NEW SECTION. Sec. 702 A new section is added to chapter 26.18
RCW to read as follows:
(1) The administrative office of the courts in consultation with
the department of social and health services, division of child
support, shall develop a residential time summary report form to
provide for the reporting of summary information in every case in which
residential time with children is to be established or modified.
(2) The residential time summary report must include at a minimum:
A breakdown of residential schedules with a reasonable degree of
specificity regarding actual time with each parent, including
enforcement practices, representation status of the parties, whether
domestic violence, child abuse, chemical dependency, or mental health
issues exist, and whether the matter was agreed or contested.
(3) The division of child support shall compile and electronically
transmit the information in the residential time summary reports to the
administrative office of the courts for purposes of tracking
residential time awards by parent, enforcement practices,
representation status of the parties, the existence of domestic
violence, child abuse, chemical dependency, or mental health issues and
whether the matter was agreed or contested.
(4) The administrative office of the courts shall report the
compiled information, organized by each county, on at least an annual
basis. The information shall be itemized by quarter.
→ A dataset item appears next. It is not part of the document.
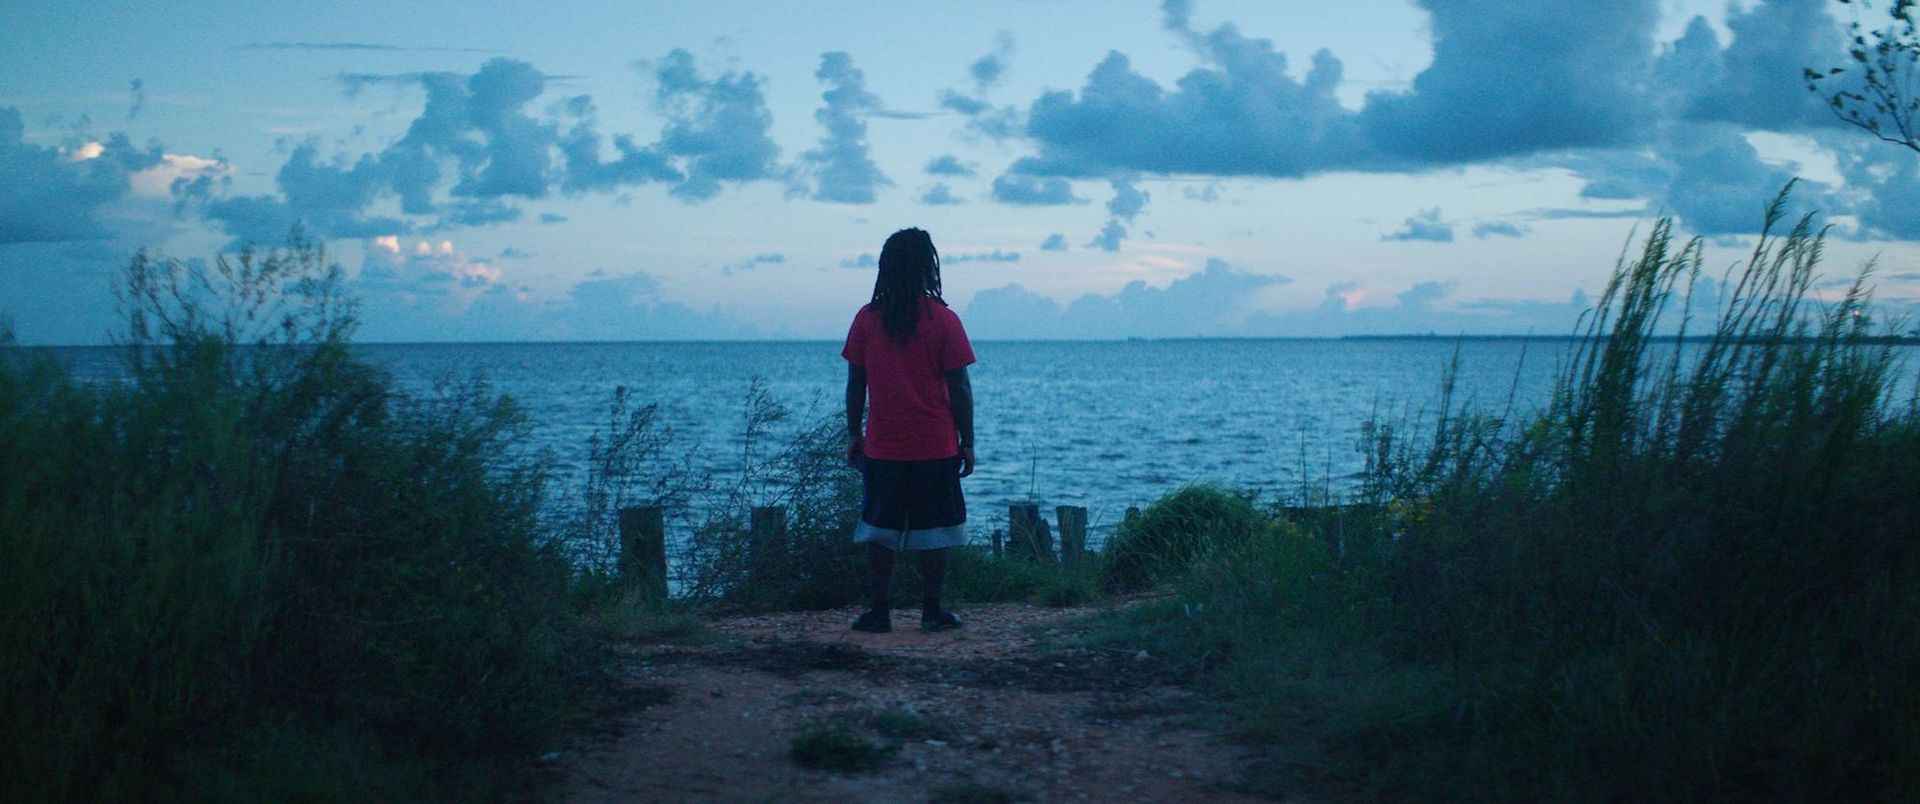 A scene from Descendant by Margaret Brown Courtesy Sundance Film Festival

These reports
shall be made publicly available through the judicial information
public access services and shall not contain any personal identifying
information of parties in the proceedings.
NEW SECTION. Sec. 801 Part headings used in this act are not any
part of the law.
NEW SECTION. Sec. 802 If specific funding for the purposes of
section 306 of this act, referencing section 306 of this act by bill or
chapter number and section number, is not provided by June 30, 2007, in
the omnibus appropriations act, section 306 of this act is null and
void.
NEW SECTION. Sec. 803 If specific funding for the purposes of
section 701 of this act, referencing section 701 of this act by bill or
chapter number and section number, is not provided by June 30, 2007, in
the omnibus appropriations act, section 701 of this act is null and
void.
NEW SECTION. Sec. 804 If specific funding for the purposes of
section 702 of this act, referencing section 702 of this act by bill or
chapter number and section number, is not provided by June 30, 2007, in
the omnibus appropriations act, section 702 of this act is null and
void.
NEW SECTION. Sec. 805 (1) Sections 201 and 204 of this act take
effect July 1, 2009.
(2) Section 202 of this act takes effect January 1, 2008.
(3) Section 501 of this act takes effect January 1, 2009.